Нормировщик вскочил из-за стола и начал было рапортовать по установленной форме. Костенко остановил его движением руки.
— Не надо, не надо. И так, гляди, жарко.
В последнее время начальник отряда стал частенько заглядывать в прорабскую. Появлялся он обычно перед обедом; сидел десять, пятнадцать, двадцать минут; расспрашивал Углова о том о сем; подхохатывал; сам выплетал всякие забавные байки, — а Семен, сидя как на иголках, мучительно старался понять, и что же от него нужно отрядному. Но Костенко ничем не выдавал своих тайных у мышлений; потолковав обо всем на свете, он вставал и уходил. Углов терялся в догадках. Что за чертовщина? Наконец перед ним начала брезжить слабая догадка о причинах непонятного Костенкиного поведения.

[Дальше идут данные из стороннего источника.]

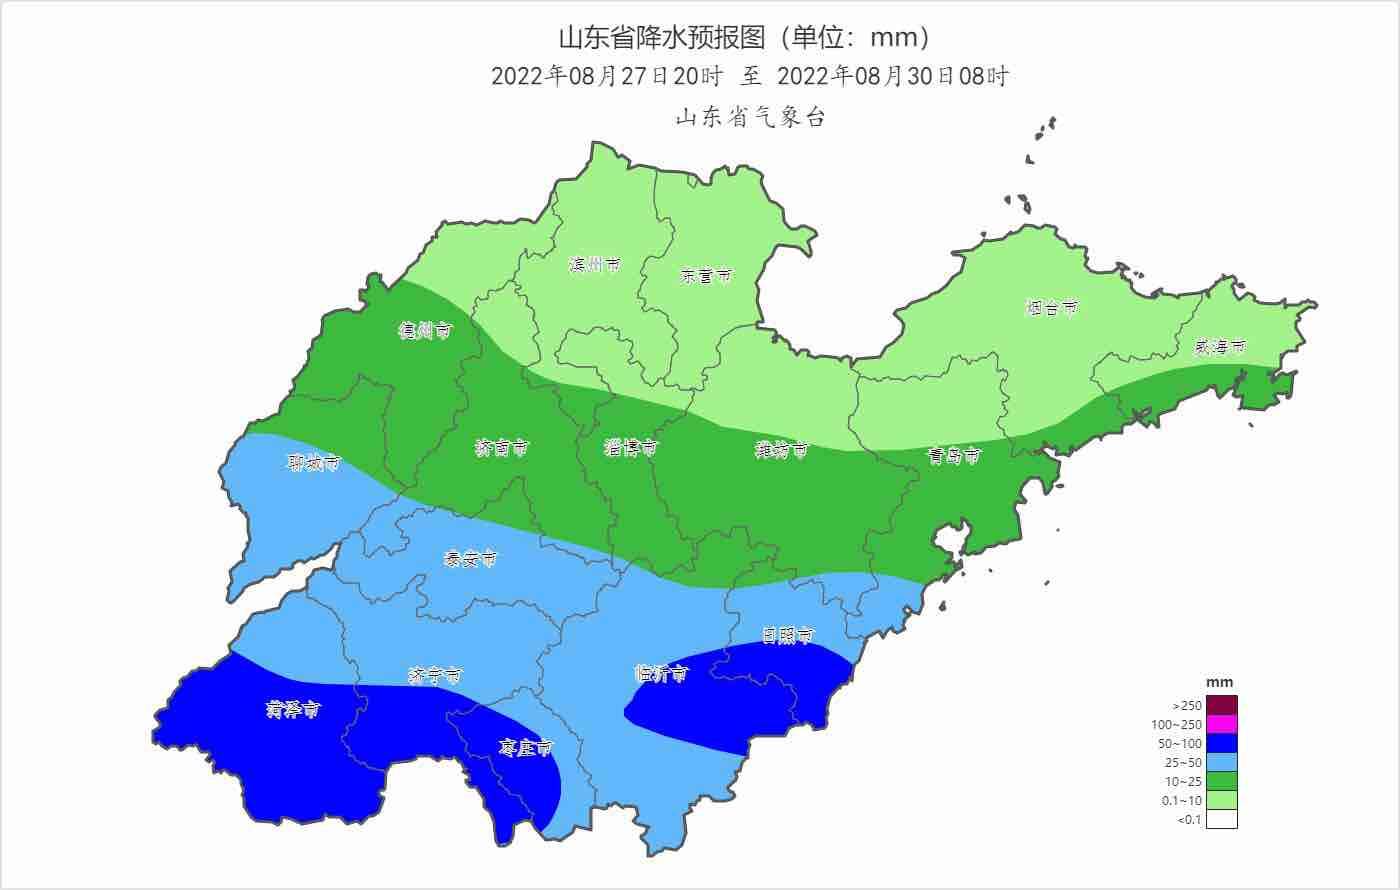 山东中南部28日凌晨至29日夜间将有明显降雨 菏泽等7市部分地区暴雨
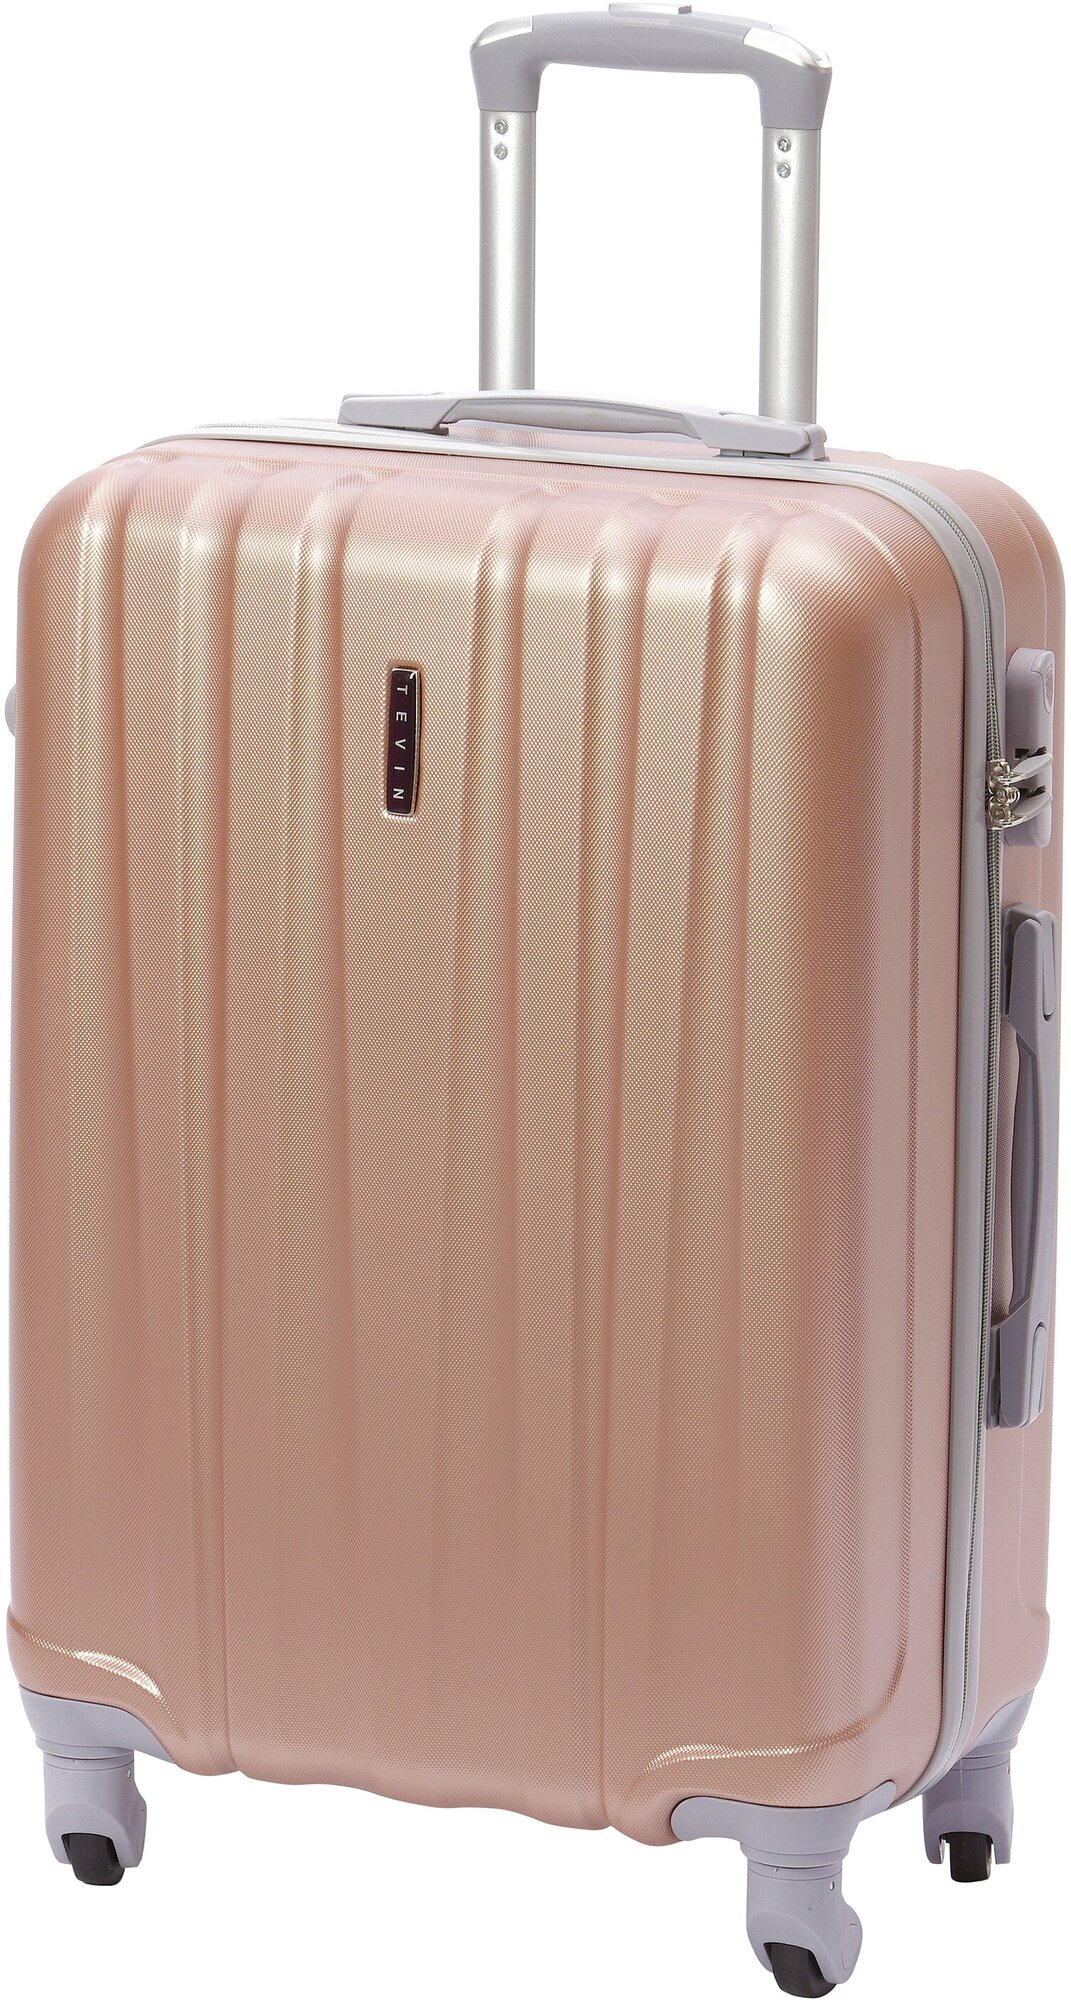 Чемодан на колесах дорожный большой семейный багаж для путешествий l+ TEVIN размер Л+ 76 см xl 120 л xxl прочный поликарбонат светлый Розовый

Догадка была так смешна и нелепа, что Семен сам долго не мог поверить в нее. Однако время шло, и никакого лучшего объяснения не находилось. Капитан Костенко, начальник пятого, ходил в прорабскую перевоспитывать Углова! Семен, когда понял это, начал невольно ухмыляться, думая о костенковских подходах. А визиты все продолжались и продолжались. Сначала молча внимавший ему Углов незаметно разговаривался. Не такой был у него характер, чтобы долго терпеть подначки. Ага, воспитываешь? Ага, споришь за жизнь? Ну давай поспорим — а там еще поглядим, чья возьмет.
Сегодня Семен встретил отрядного с неудовольствием. Он еще не отошел от схватки с Брянцом. Бригадир глядел поверх прораба в сумасшедшую даль; изъяснялся непременно гекзаметром и встречал любые угловские указания в штыки. Углов в такие минуты и ненавидел форсилу от всей души, и восхищался им. Брянец есть Брянец, ну что с ним поделаешь? Работать он умел как зверь, а вся бригада только и заглядывала ему в рот. Братанам импонировали графские замашки Брянца.
Да, Костенко прибыл в прорабку не совсем ко времени. Не отошедший от ссоры с бригадиром, Семен огрызнулся раз, огрызнулся другой. Костенко оставался невозмутим. Углов не выдержал.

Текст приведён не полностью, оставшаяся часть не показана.